Takes training patient features as input and outputs trained model for privileged information prediction. Used ML model: KRVFL+ from the paper (P.-B. Zhang and Z.-X. Yang, “A new learning paradigm for random vector functional-link network: Rvfl+,” Neural Networks, vol. 122, pp. 94–105, 2020.)
- All three input .csv or .xlsx files must have the same number of rows (i.e. same number of patients).
- All three input .csv or .xlsx files must have column names indicating feature names.
- All three input .csv or .xlsx files must have "patientId" as the first column and "group" as the second column, indicating patient names and labels respectively.
- [BL_path]: .csv or .xlsx file containing Biological features. Name of file must contain the substring "train_bl".
- [CL_path]: .csv or .xlsx file containing Clinical features. Name of file must contain the substring "train_cl".
- [CT_path]: .csv or .xlsx file containing Condyle Trabecular features and 3D measurement features. Name of file must contain the substring "train_ct".
- [folder_path]: directory to output trained model to.
-
file named "TMJPI_train.mat" that contains the best performing ensemble of models trained from the input features. The file is output to the [folder path] directory
-
file named "TMJPI_train_results.csv" that contains the scores for each evaluation metrixs.

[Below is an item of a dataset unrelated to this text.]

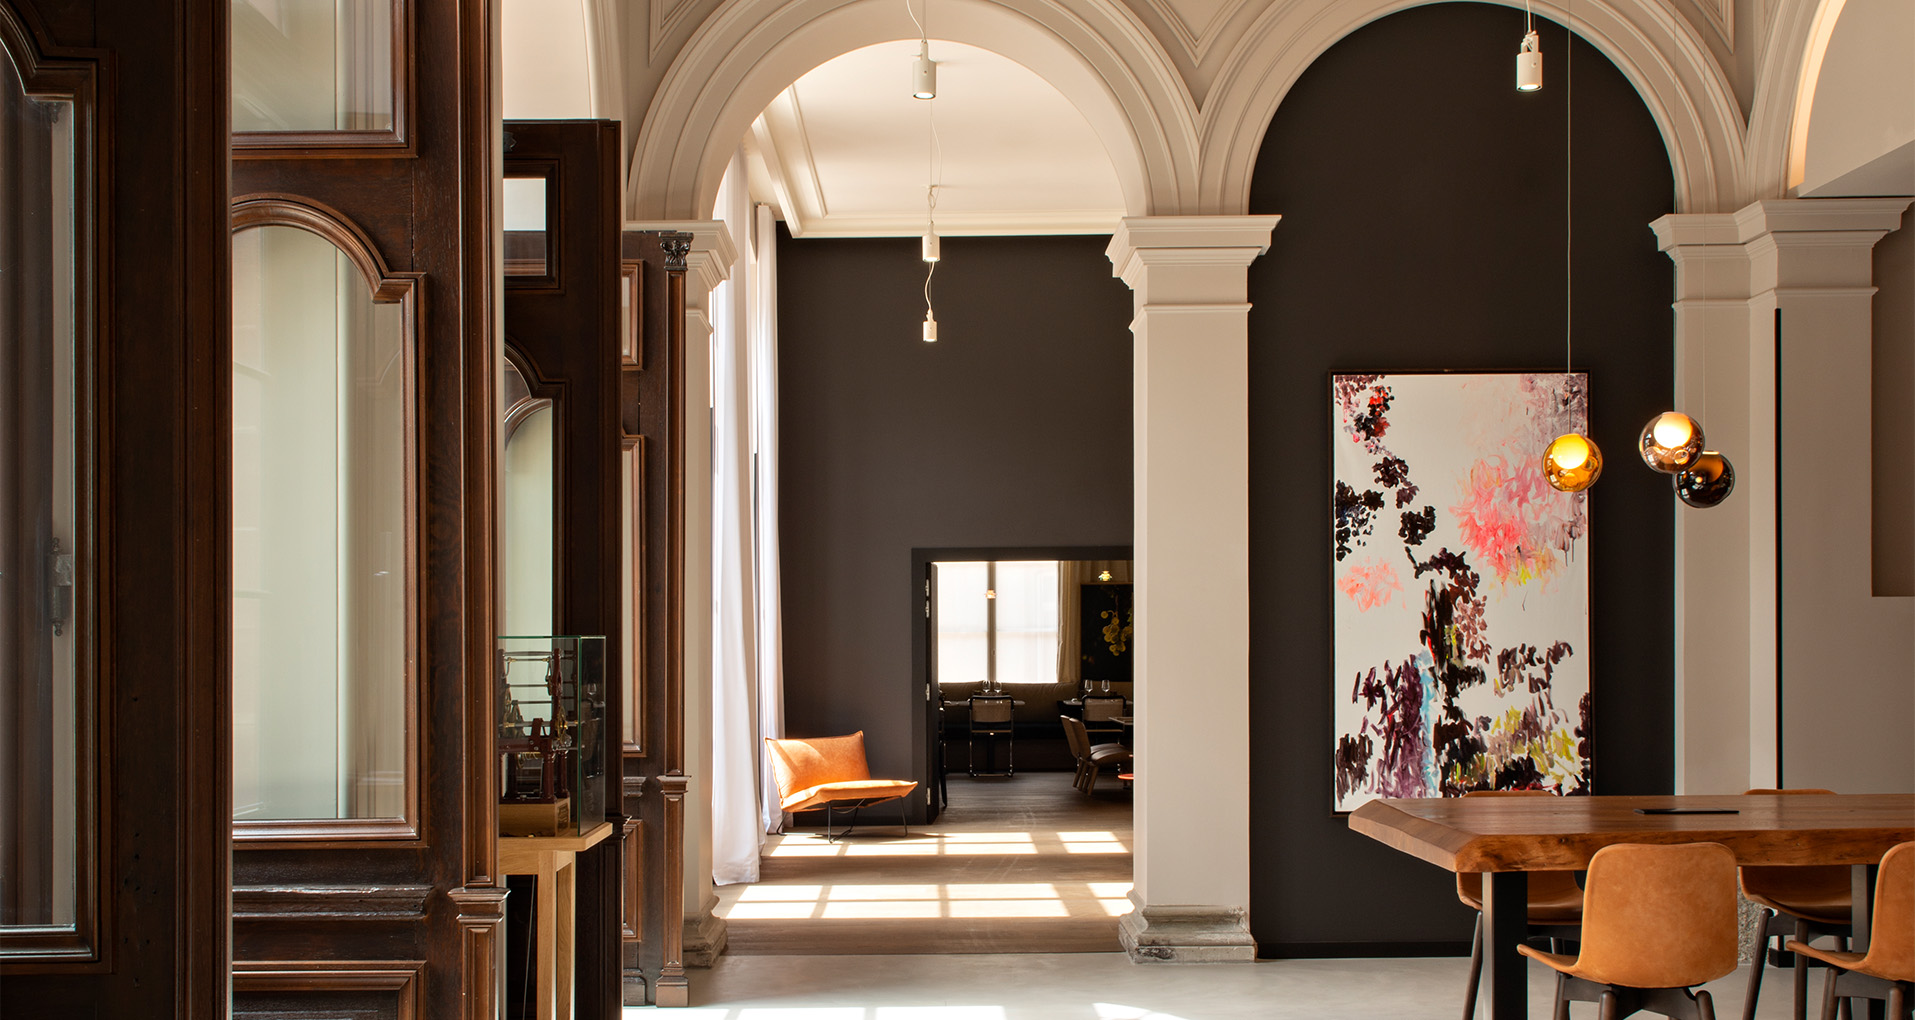 Lobby accueil de l'hôtel leonor strasbourg, france, hotel lifestyle de luxe désigné par le studio d'architecture d'intérieur jean-philippe nuel, rénovation, réhabilitation, décoration d'intérieur, hôtel 4 étoiles
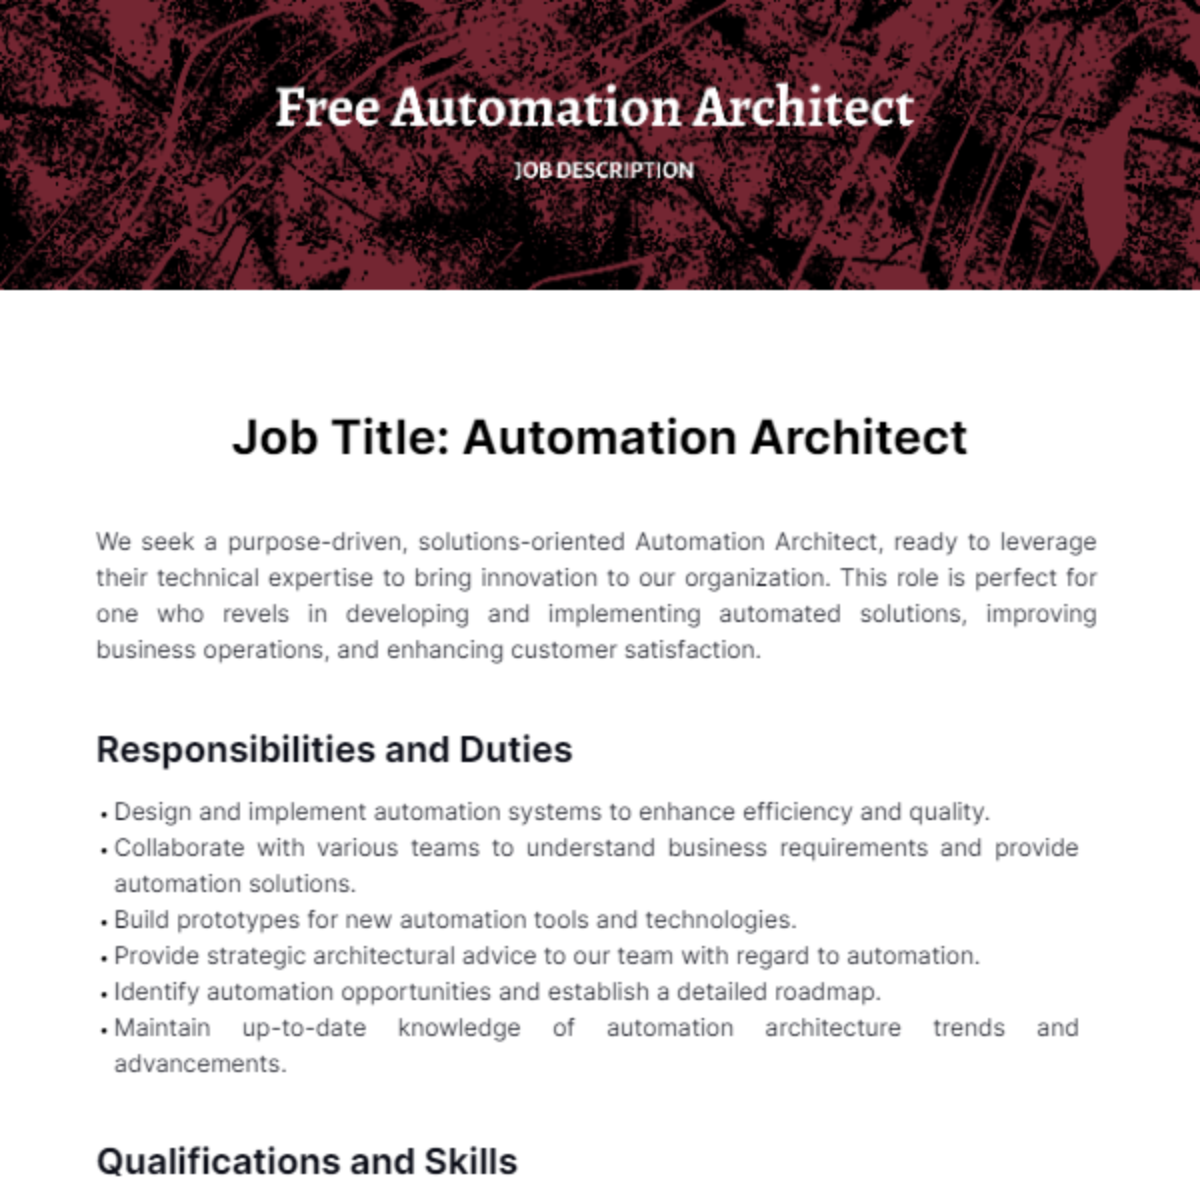 Free Automation Architect Job Description Template

./DSCI_train [BL_path] [CL_path] [CT_path] [folder path]
Takes testing patient features as input and outputs scores and predictions for each testing patient.
- All two input .csv or .xlsx files must have the same number of rows (i.e. same number of patients).
- All two input .csv or .xlsx files must have column names indicating feature names.
- All two input .csv or .xlsx files must have "patientId" as the first column indicating patient names. No "group" column or patient label column should be present.
- The order of features in the test files must be identical to those in training inputs.
- [CL_path]: .csv or .xlsx file containing Clinical features. Name of file must contain the substring "test_cl".
- [CT_path]: .csv or .xlsx file containing Condyle Trabecular features and 3D measurement features. Name of file must contain the substring "test_ct".
- [model path]: path to previously trained "TMJPI_train.mat" file.
- [folder_path]: directory to output prediction file to.
Files output to [Folder path].
- .mat file named "TMJPI_pred.mat" that contains the model scores and prediction (either 1 or 0 for OA or non-OA) for each testing patient.
- .csv file named "TMJPI_pred.csv" that contains the model scores and prediction (either 1 or 0 for OA or non-OA) for each testing patient.
./DSCI_predict[CL_path] [CT_path] [model path] [folder path]
- One more random seed for repeated cross-validation has been added to TMJPI compared to the published paper. We do 11 times five-fold CV to avoid the edge case in which the half/half model votes for negative and positive.
- We calculated the final prediction score by binarizing the prediction probability with the optimal training threshold in each model. The most frequency category counted for the final prediction result.